Wan Lijun, Cheng Tianfei, Fan Wei, Shi Yongchuang, Zhang Heng, Zhang Shengmao, Yu Linlin, Dai Yang, Yang Shenglong
School of Navigation and Naval Architecture, Dalian Ocean University, Dalian, 116023, China.
Key Laboratory of East China Sea & Oceanic Fishery Resources Exploitation and Utilization, Ministry of Agriculture, East China Sea Fisheries Research Institute, Chinese Academy of Fishery Sciences, Shanghai, 200090, China.
Heliyon. 2024 Apr 1;10(7):e28953. doi: 10.1016/j.heliyon.2024.e28953. eCollection 2024 Apr 15.
Ecological fishery management requires high-precision fishery information to support resource management and marine spatial planning. In this paper, the Automatic Identification System (AIS) was adopted to extract the spatial information on the fishing grounds of light purse seine vessels in the Northwest Pacific Ocean. The spatial distributions of fishing grounds mapped by the data mining, kernel density analysis and hotspot analysis methods were compared. The spatial similarity index was applied to determine the spatial consistency between the computed spatial information and fisheries resource information. Finally, the spatial information derived by the best method was used to investigate the characteristics of fishing activity. The results showed that: the speed of light purse seine vessels related to operations was lower than 1.6 knots. The spatial information extracted by the three methods was consistent with the catch data distribution, and the spatial similarity between the fishing effort and catch data was the highest. The spatial variation in fishing activity was similar to that in the chub mackerel migration route. AIS data could be used to provide high-resolution fishery information. Light purse seine fishing vessels typically operate and travel along the exclusive economic zone boundary, and increased attention must be given to fishing vessel operation supervision. A comprehensive supervision system can be employed to monitor the operations of fishing vessels more effectively. The results of this study can provide technical support for the management of fishing activities and conservation of marine resources in this region using AIS data.

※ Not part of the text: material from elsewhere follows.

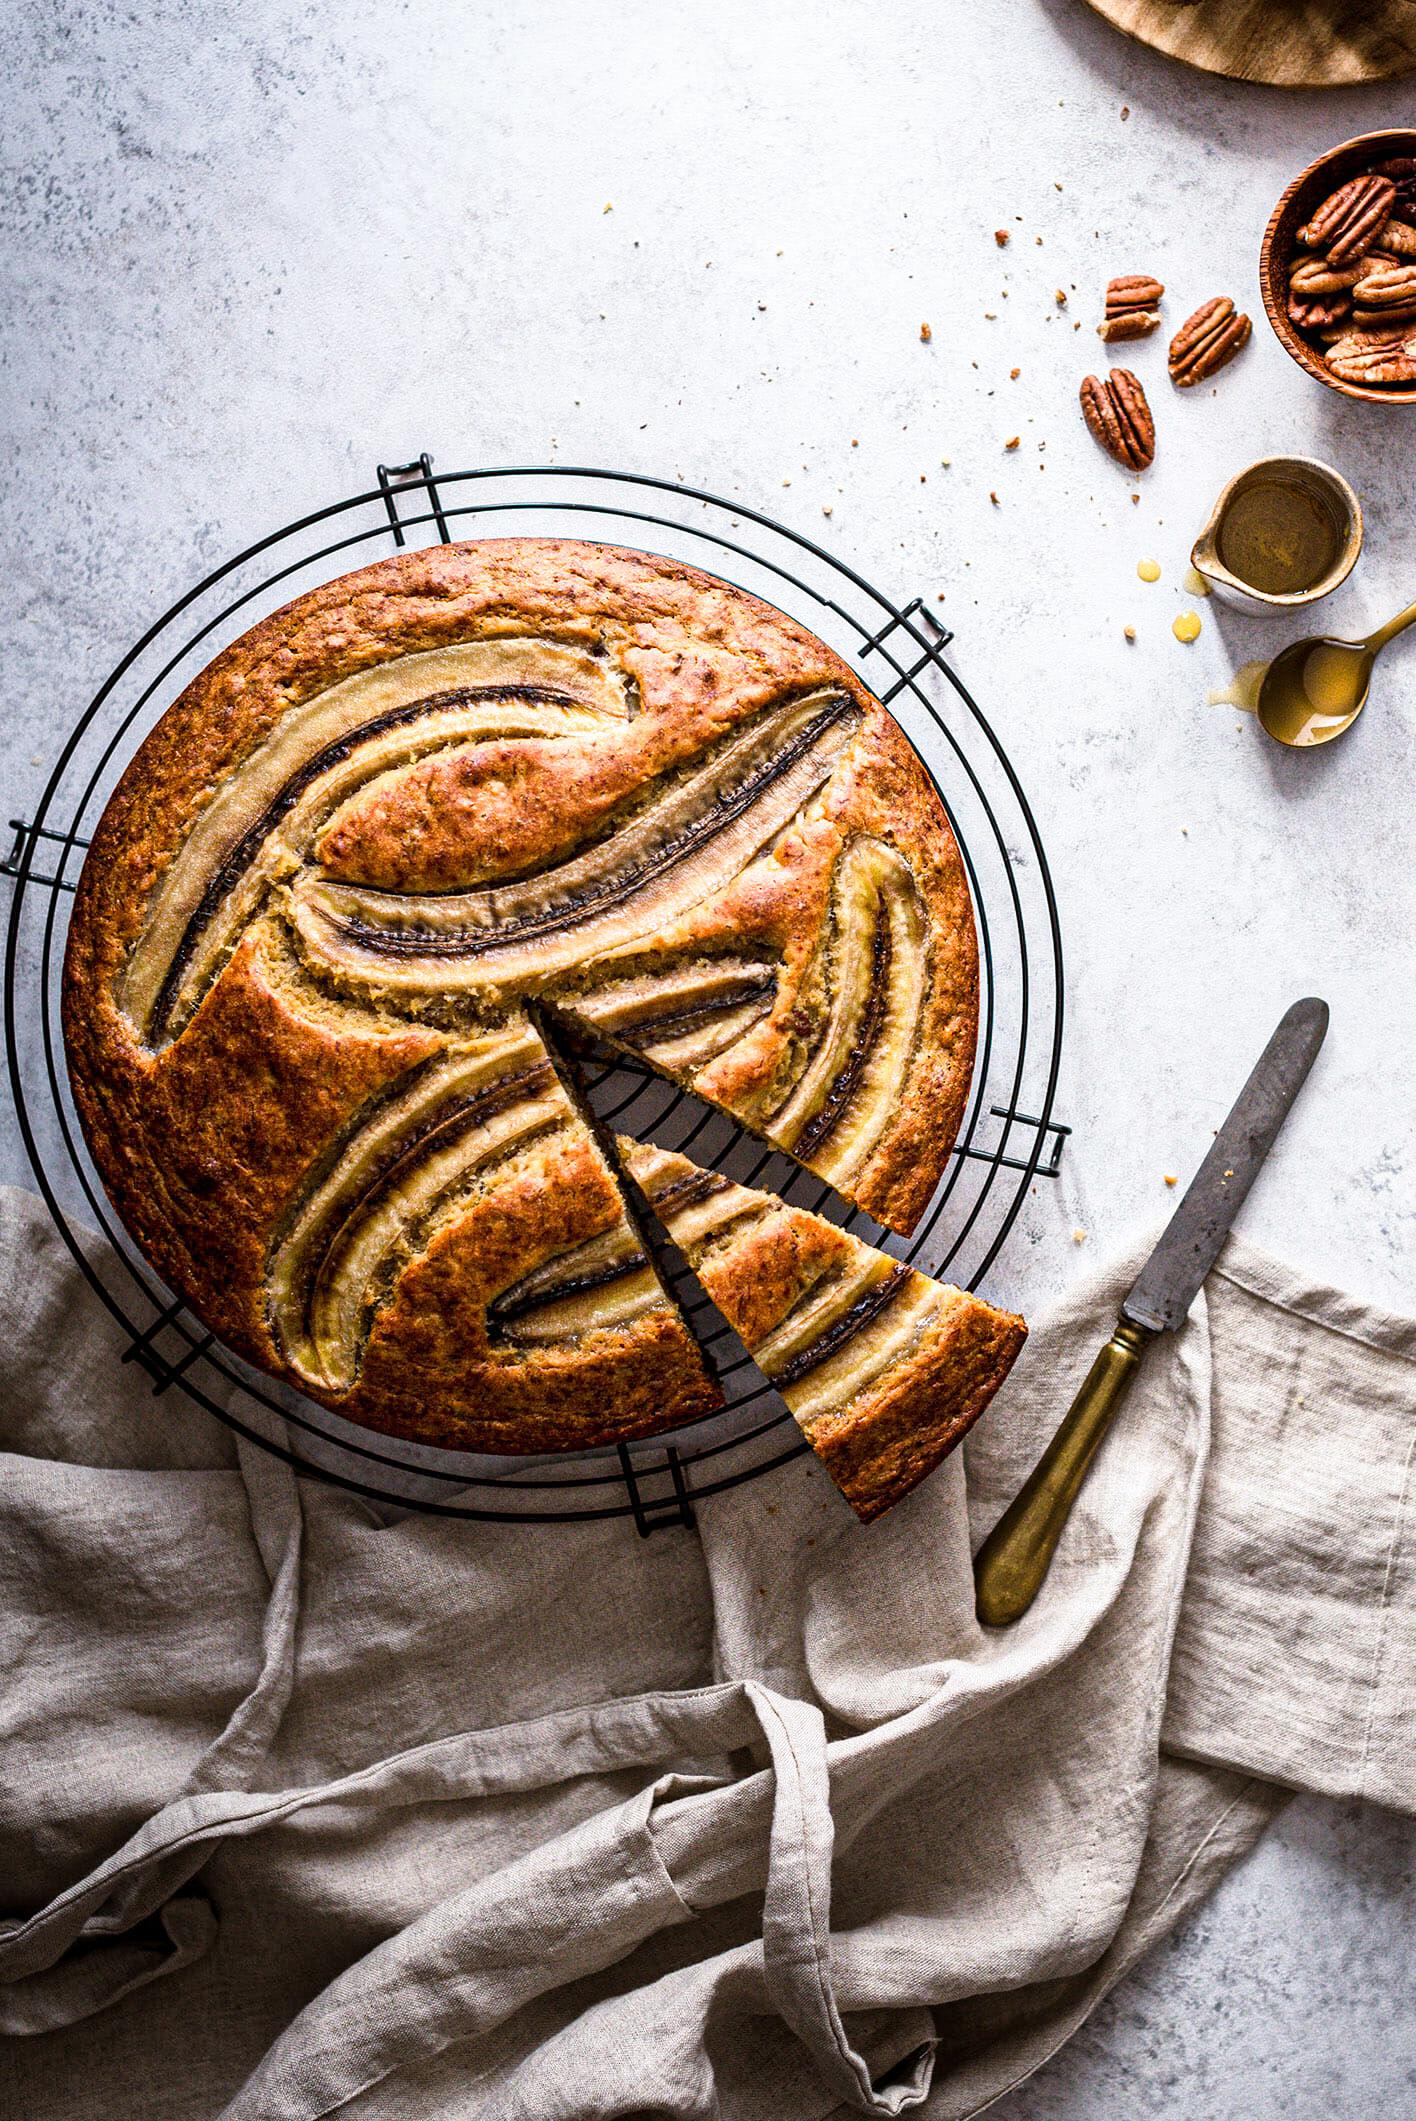 Recette gâteau banane - Lilie Bakery
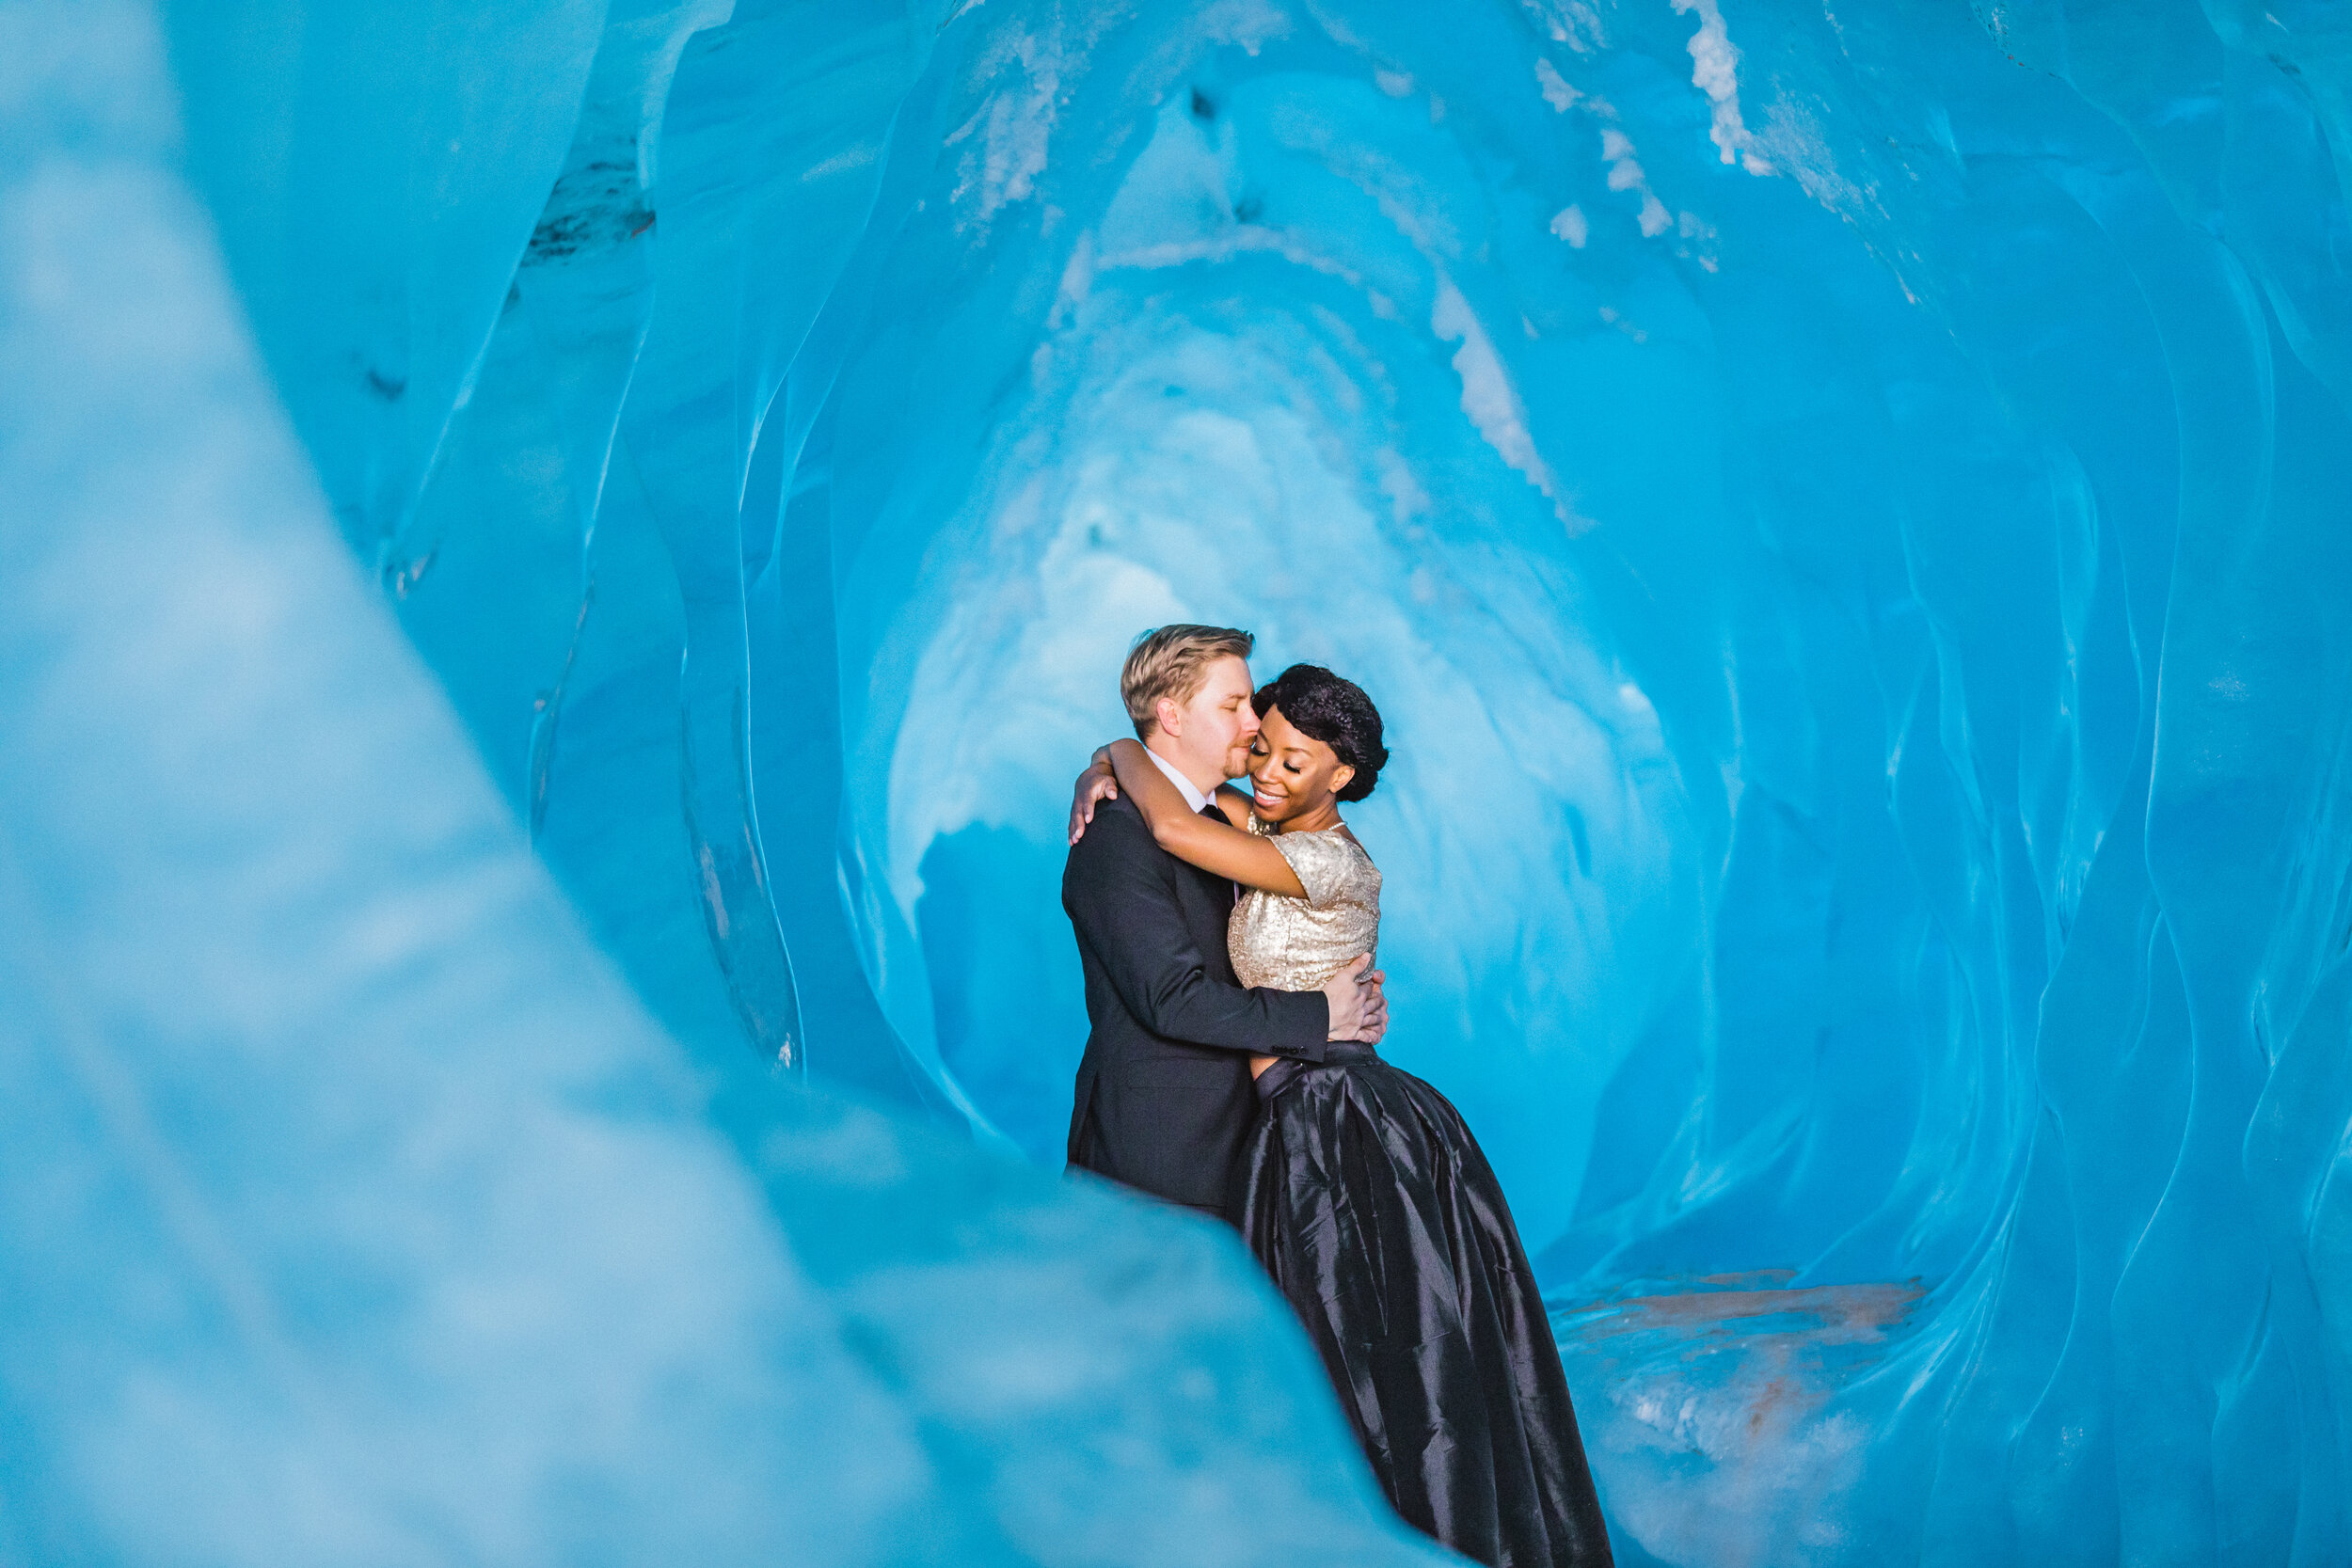 Engagement_Session_Matanuska_Glacier_Alaska_Emily_Lester_Photography-90.jpg

生态渔业管理需要高精度的渔业信息来支持资源管理和海洋空间规划。本文采用自动识别系统(AIS)提取西北太平洋海域灯光围网渔船渔场的空间信息。比较了通过数据挖掘、核密度分析和热点分析方法绘制的渔场空间分布。应用空间相似性指数来确定计算出的空间信息与渔业资源信息之间的空间一致性。最后,使用最佳方法得出的空间信息来研究捕捞活动的特征。结果表明:与作业相关的灯光围网渔船速度低于1.6节。三种方法提取的空间信息与渔获数据分布一致,捕捞努力量与渔获数据之间的空间相似性最高。捕捞活动的空间变化与鲐鱼洄游路线的空间变化相似。AIS数据可用于提供高分辨率的渔业信息。灯光围网渔船通常在专属经济区边界沿线作业和航行,必须更加重视对渔船作业的监管。可采用综合监管系统更有效地监测渔船作业。本研究结果可为利用AIS数据管理该区域捕捞活动和保护海洋资源提供技术支持。